*Exercise brief:* What you give back must match the data exactly, minus the pictures.

*Supplied information:*
----

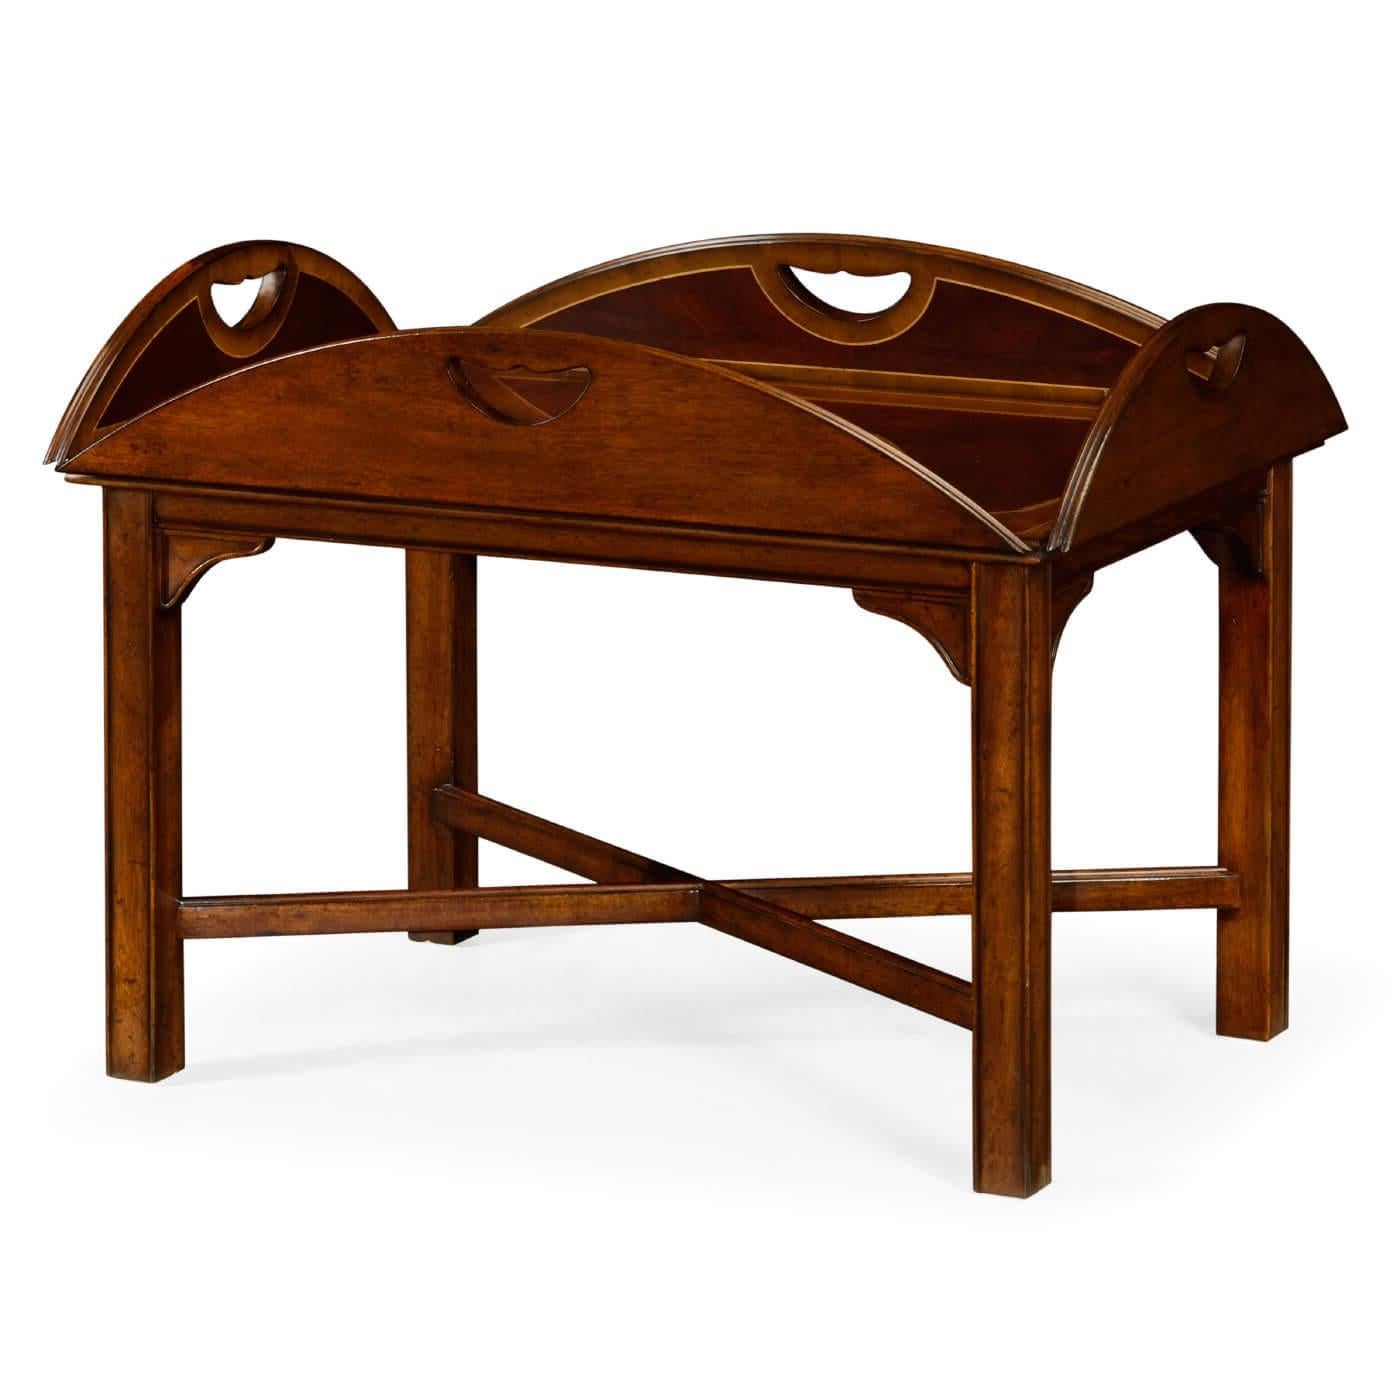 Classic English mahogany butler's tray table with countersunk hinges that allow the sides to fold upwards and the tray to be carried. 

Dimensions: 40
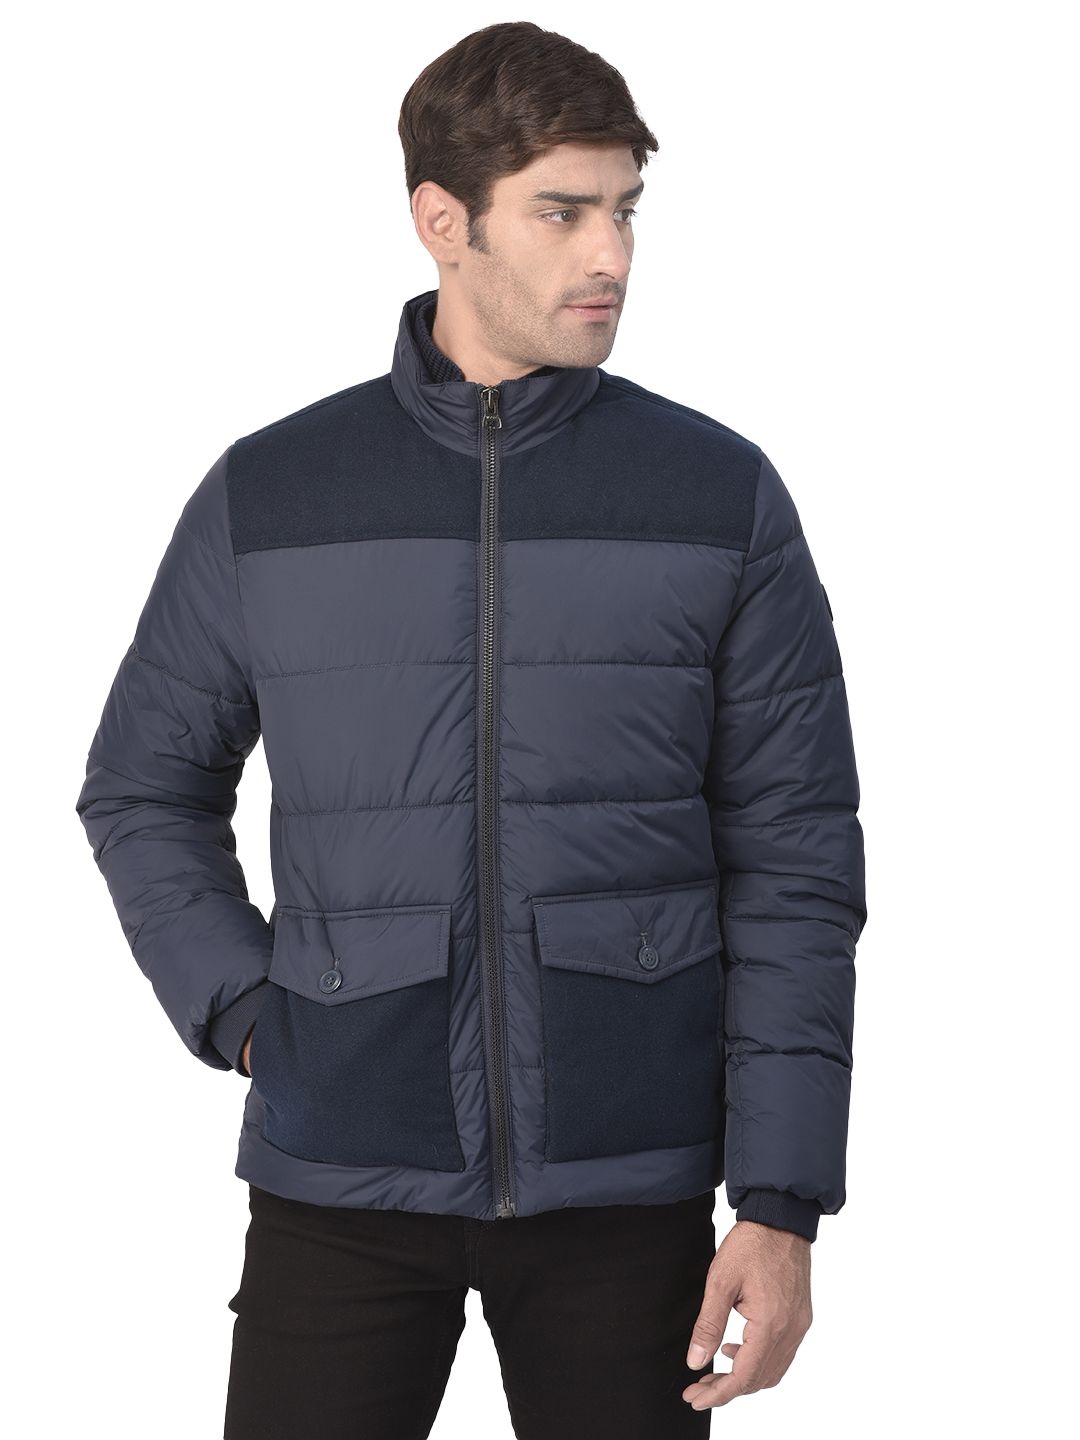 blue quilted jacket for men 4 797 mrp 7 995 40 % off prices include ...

----

*Result of the task:*
 Classic English mahogany butler's tray table with countersunk hinges that allow the sides to fold upwards and the tray to be carried. 

Dimensions: 40
 blue quilted jacket for men 4 797 mrp 7 995 40 % off prices include ...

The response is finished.